The following datasets are deliverable for all types of Analyzers, Generators and Analyzer/Generators:

  • Evaluation license: all nouns, verbs, adjectives and adverbs starting with the letters 'a' to 'c', plus all other types of entries (for 13'000+ entries).
  • Full license: all currently available Italian words (50'000+), with contraction elements analysis.

The following datasets are available for the Italian Wordformation Analyzer/Generator:

  • Evaluation license: all derivation level entries relating to all nouns, verbs, adjectives and adverbs starting with the letters 'a' to 'c', plus all other types of entries (a total of about 10'000 relations).
  • Full license: all derivation level entries for all entries (40'000+).

Language Specific Features

Here are some Italian-specific features that need to be considered by your client application in order to make the best use of our data analyzers.


Contractions

The Italian version is able to analyze and recognize cliticized word forms, like "dammelo", "dimmelo","vattene", etc., where forms of more lexemes are combined into one unique graphic word. This is a very useful feature when analyzing text, because clitics are used very often in Italian.

Here is an example for the Lemmatizer:


query   -> vattene
result  -> andare
               (Cat V)
               (Contraction ti/Pron+ne/Pron+V)

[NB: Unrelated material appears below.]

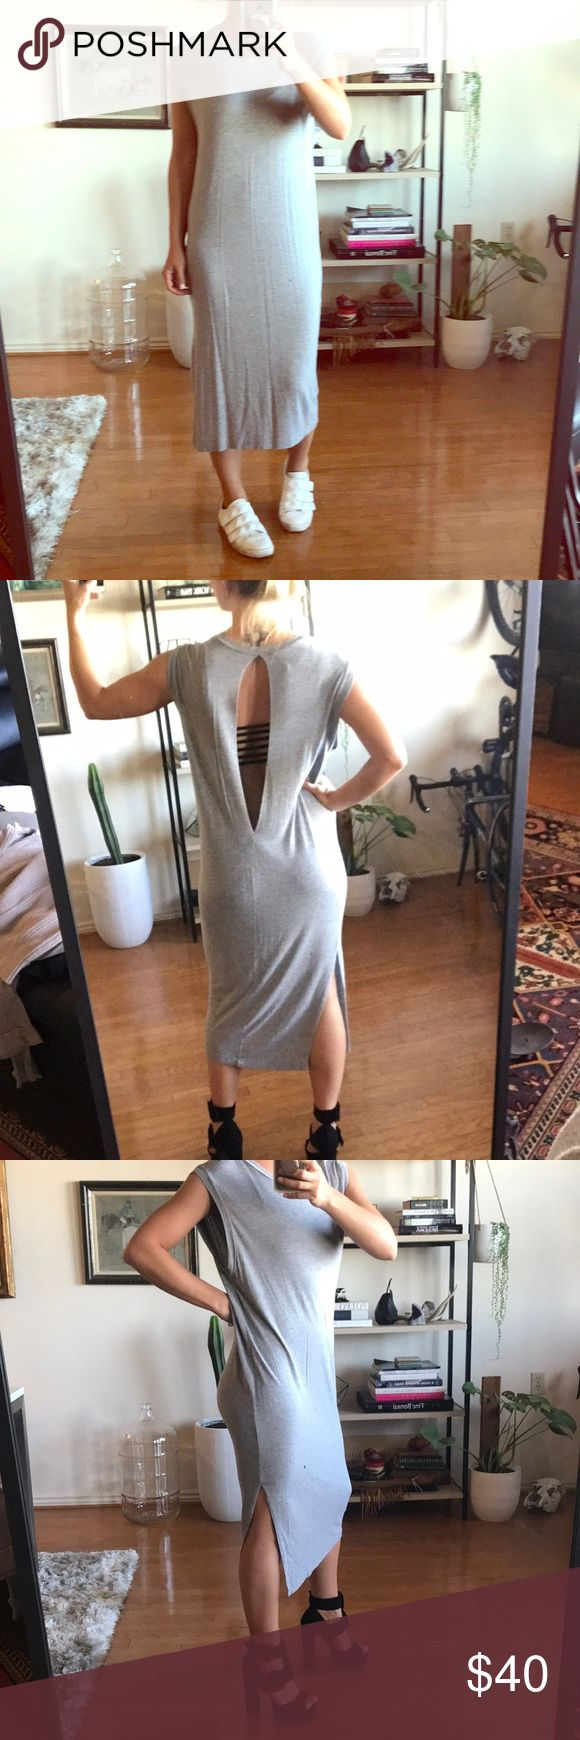 87 Best My Posh Closet Images On Pinterest Minimal Mosa Mixed Top Navy Xs Silence Noise Open Back Sleeveless T Shirt Dress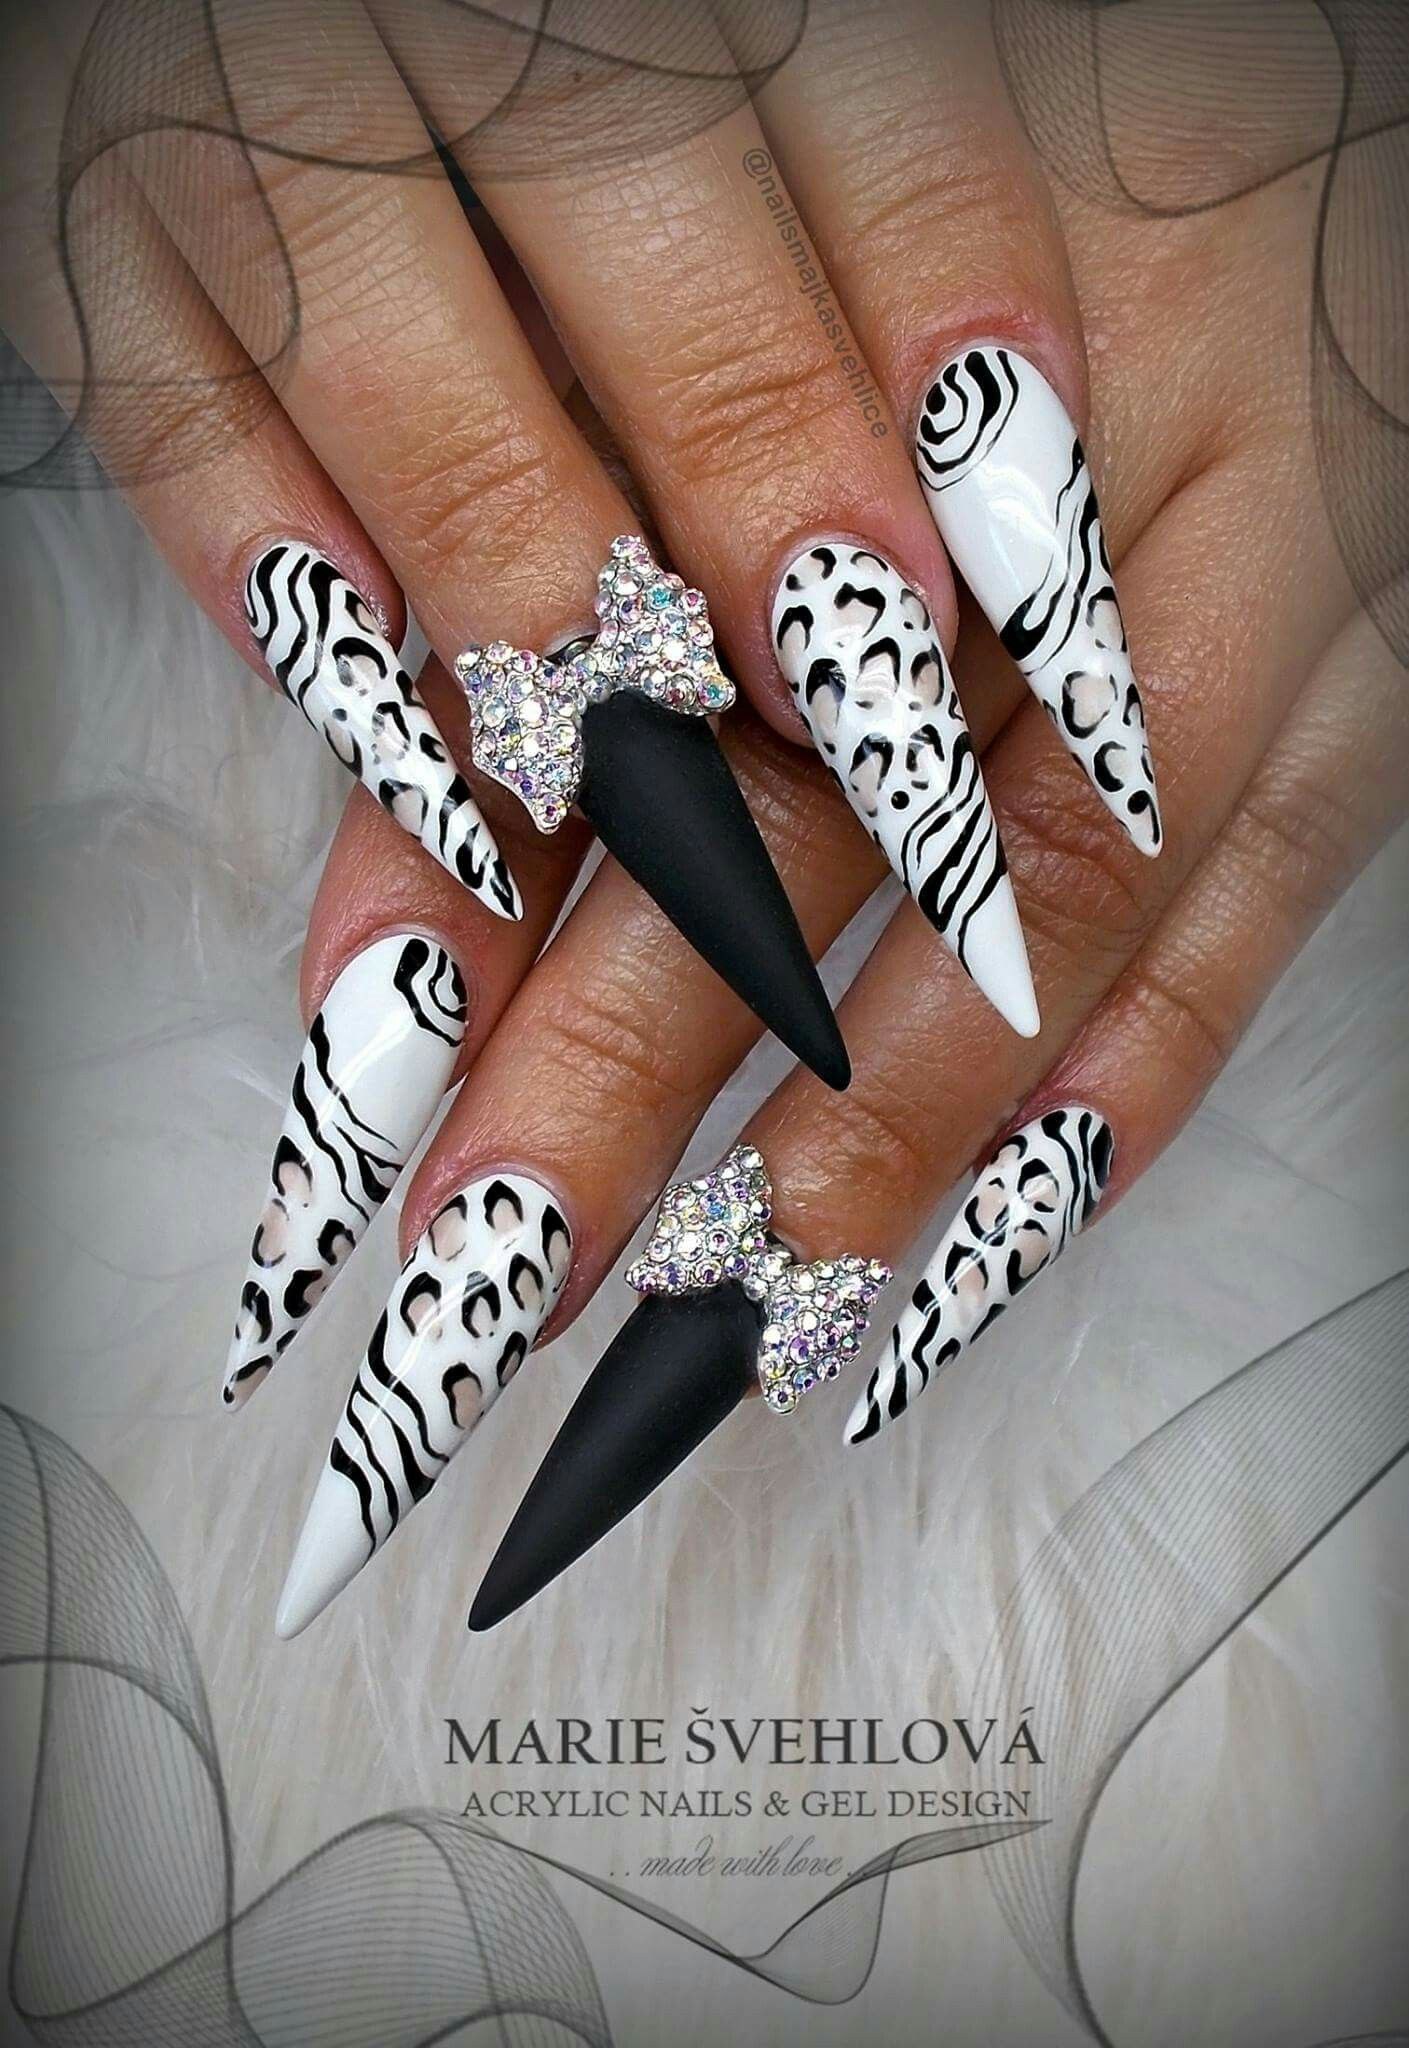 Acrylic Nails Gel Design Long Nails Black White Nails Glitter Nails Acrylic Nail Designs Bling Nails

Here is an example for the Analyzer:


query   -> spiegatemela
result  -> spiegare
              (Cat V)(Aux avere)
              (Mod Imp)(Pers 2nd)(Num PL)
              (Contraction mi/Pron+la/Pron+V)



The Contraction Feature

The contraction feature is used to specify contraction elements included in the reply. The above example shows the results for the queries "vattene" and "spiegatemela". The single entities within the contraction feature are separated by the character '+'. An entity is described uniquely by its category, if it is an "open" entity, i.e. all entries of the same category (following specific restrictions) could potentially be applied to an entity. On the other hand, an entity is specified by the pair citation form "/" category, if it describes an element from a finite set of possibilities.